Here the job is to retype the data word for word while leaving the pictures aside.
[Source data — start]
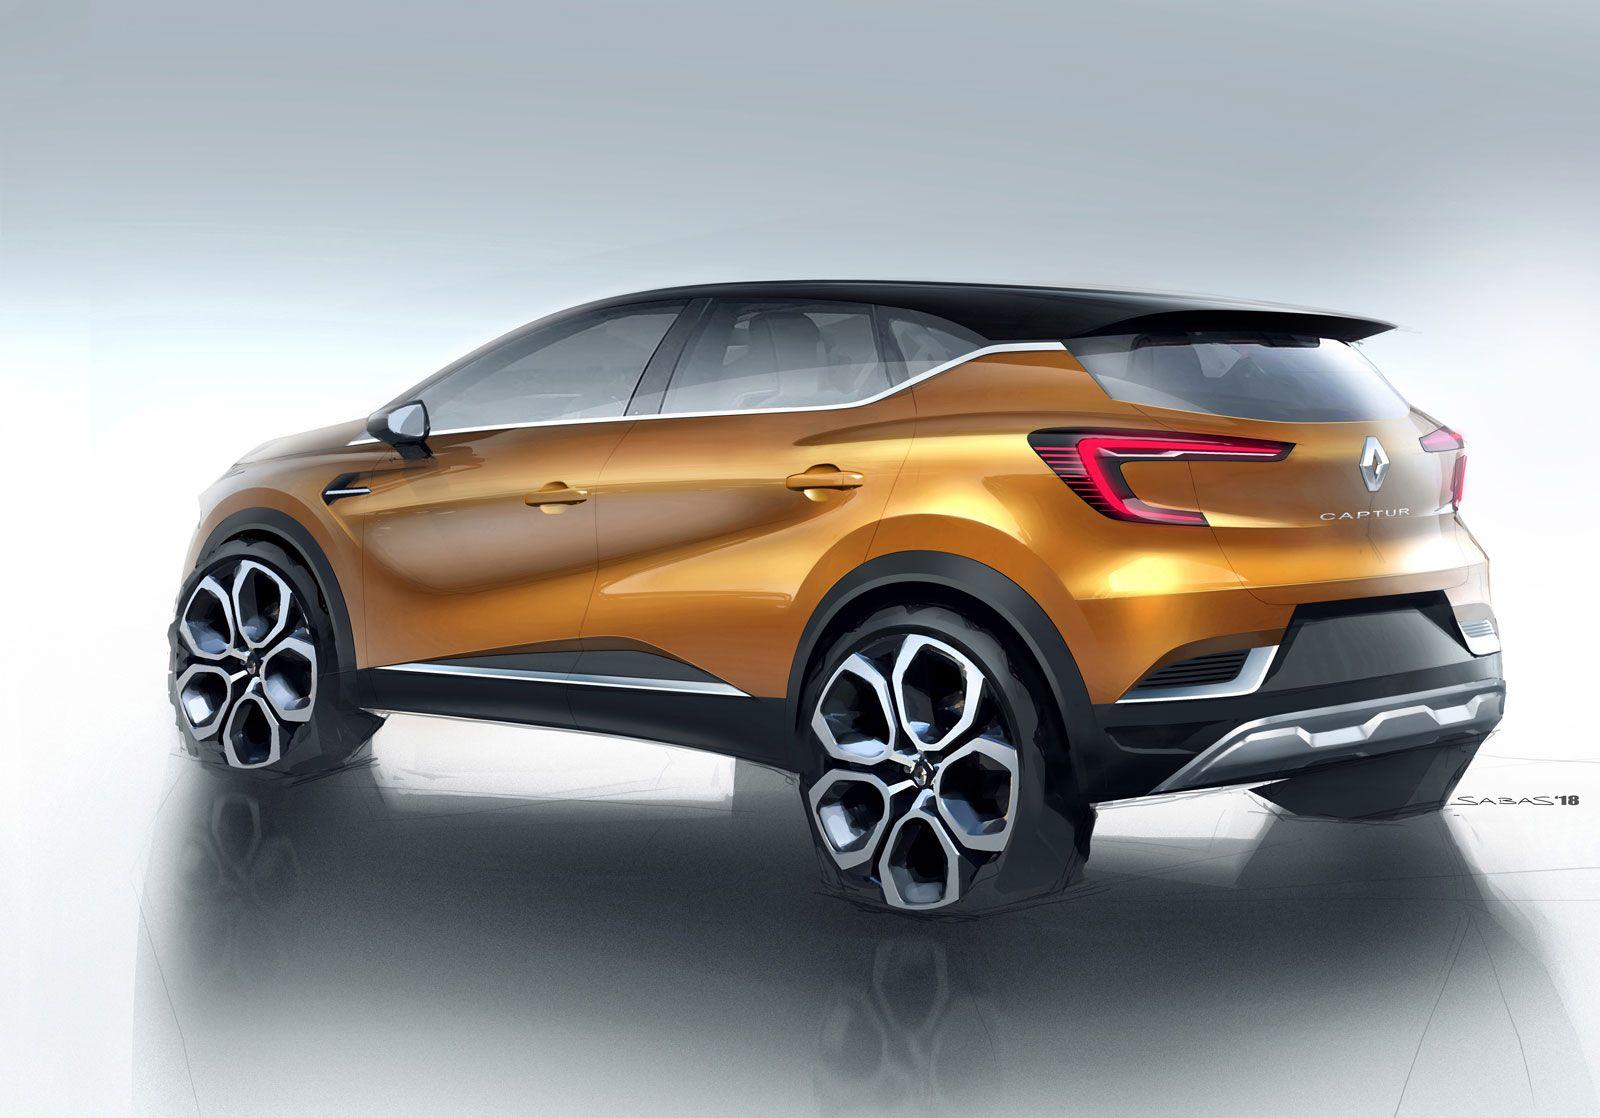 New Renault Captur Design Sketch Render Renault Captur New
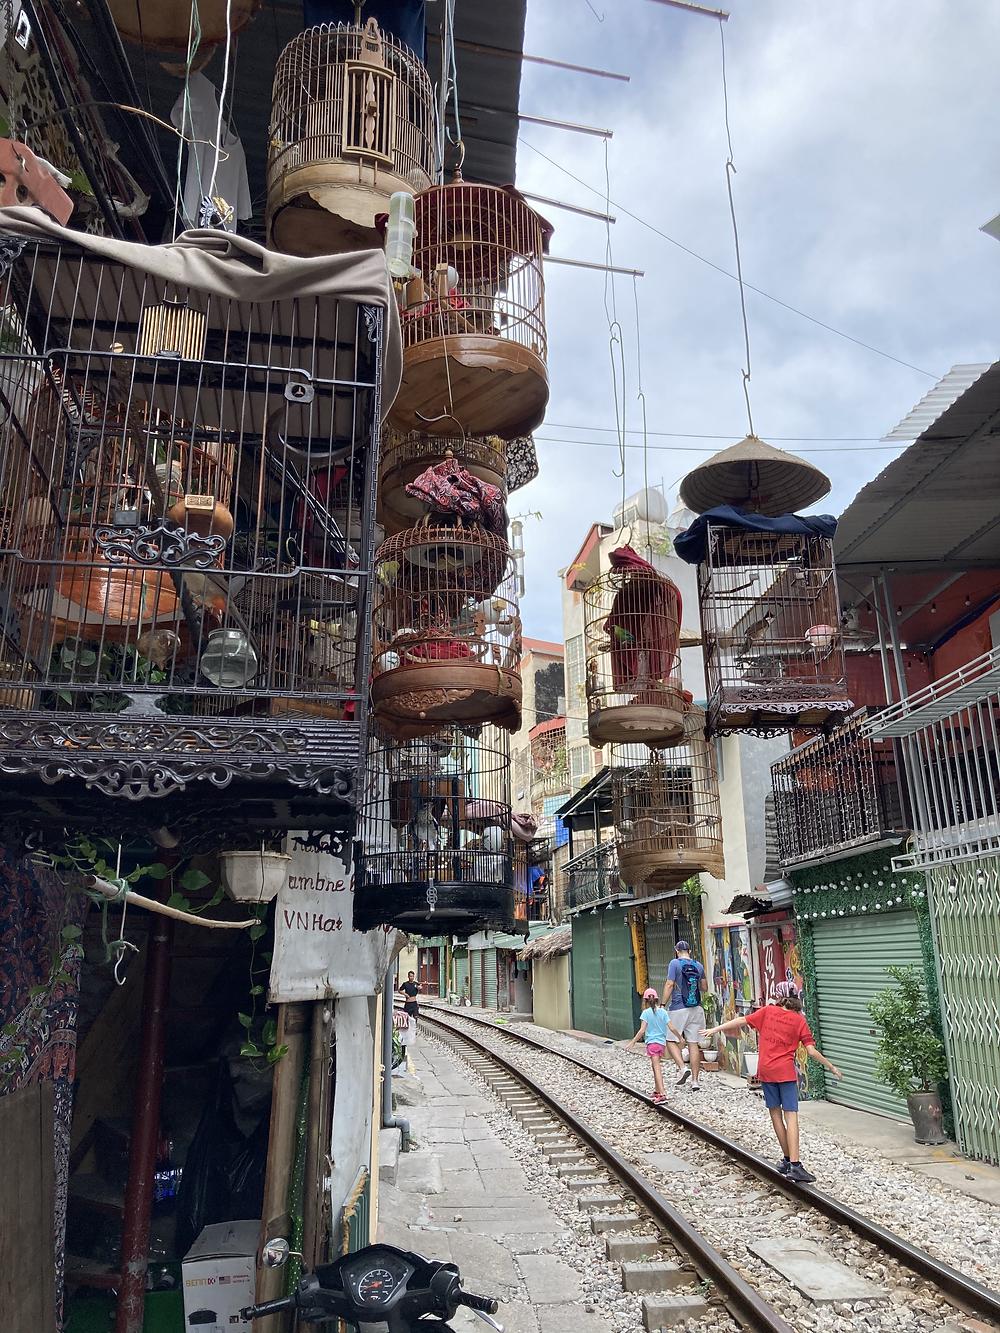 Songbirds in cages in Hanoi
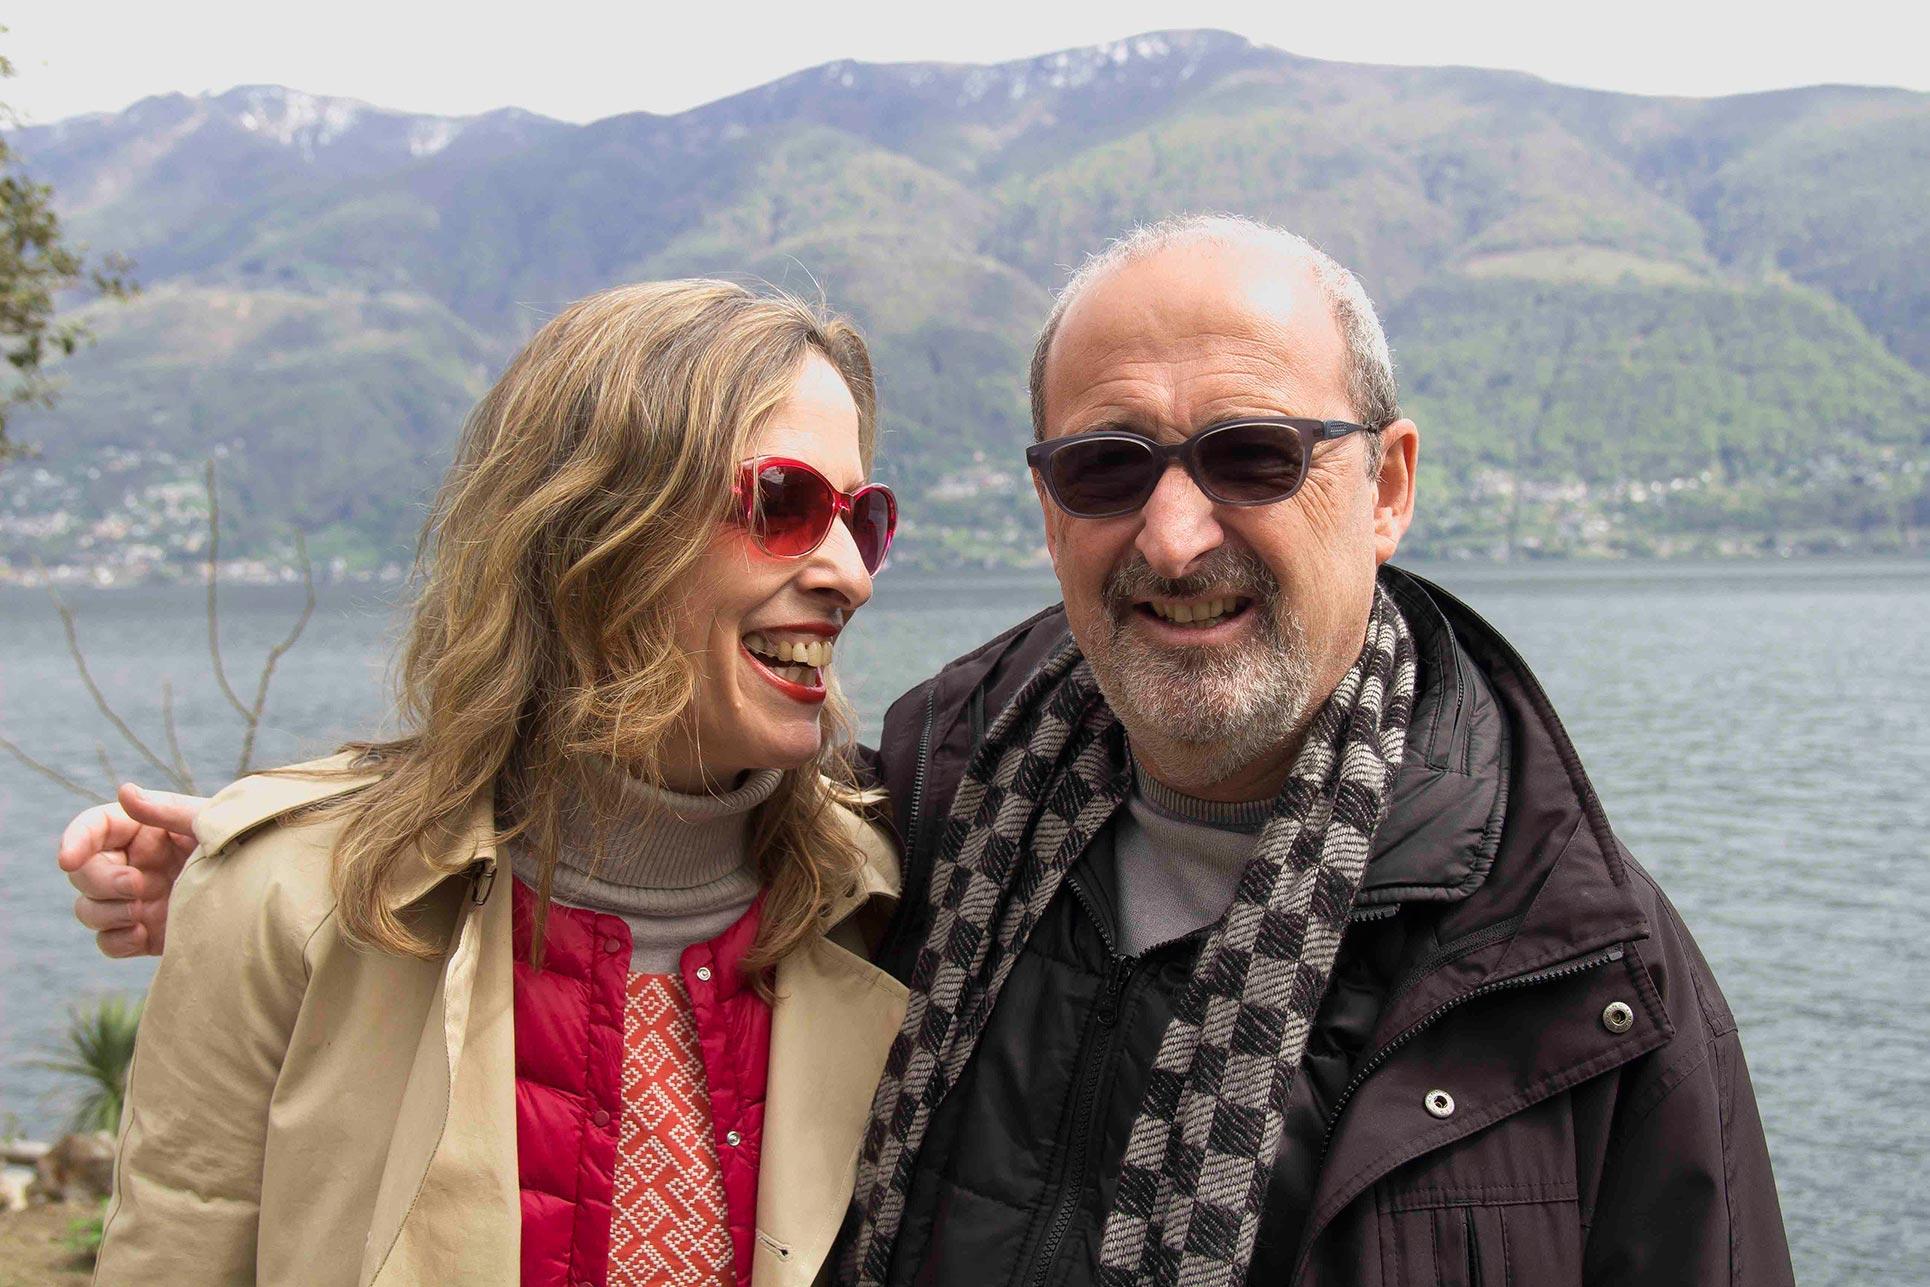 Barbara Fässler and Domenico Lucchini (Photo: Paolo Bergmann)
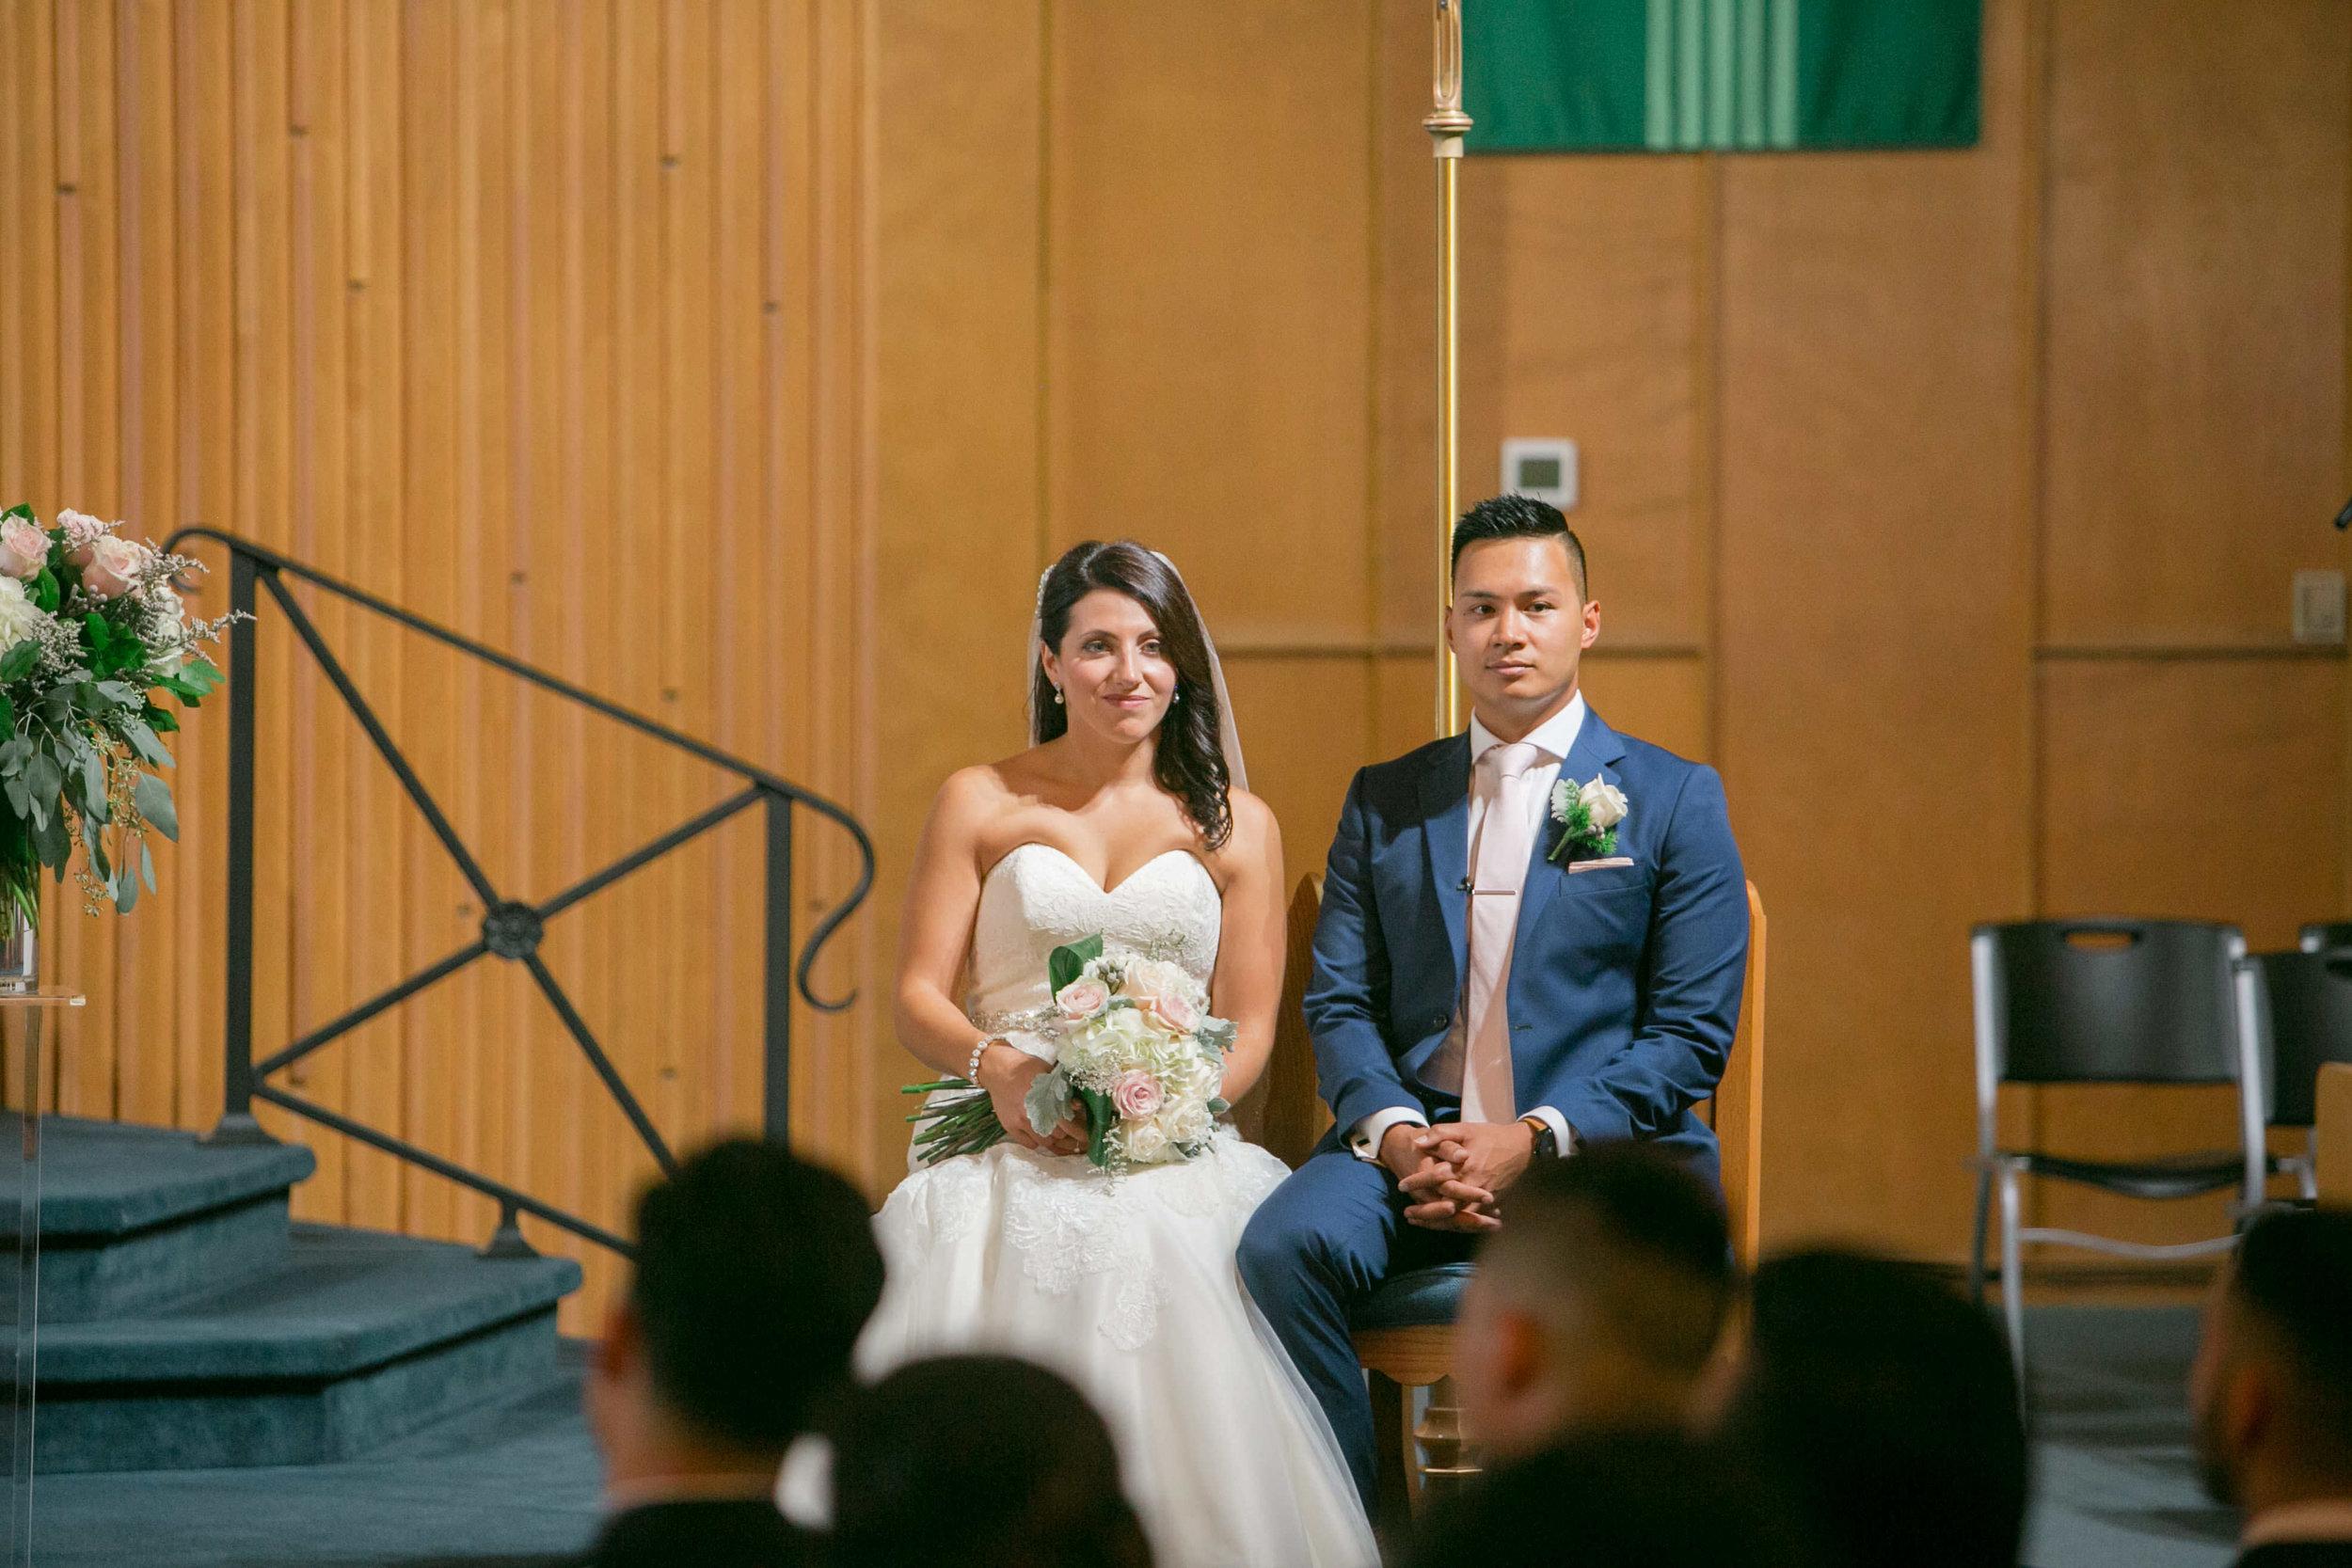 Stefanie___Bernard___Daniel_Ricci_Weddings_High_Res._Finals__235.jpg
[Source data — finish]
## Answer for the task
 New Renault Captur Design Sketch Render Renault Captur New
 Songbirds in cages in Hanoi
 Barbara Fässler and Domenico Lucchini (Photo: Paolo Bergmann)
 Stefanie___Bernard___Daniel_Ricci_Weddings_High_Res._Finals__235.jpg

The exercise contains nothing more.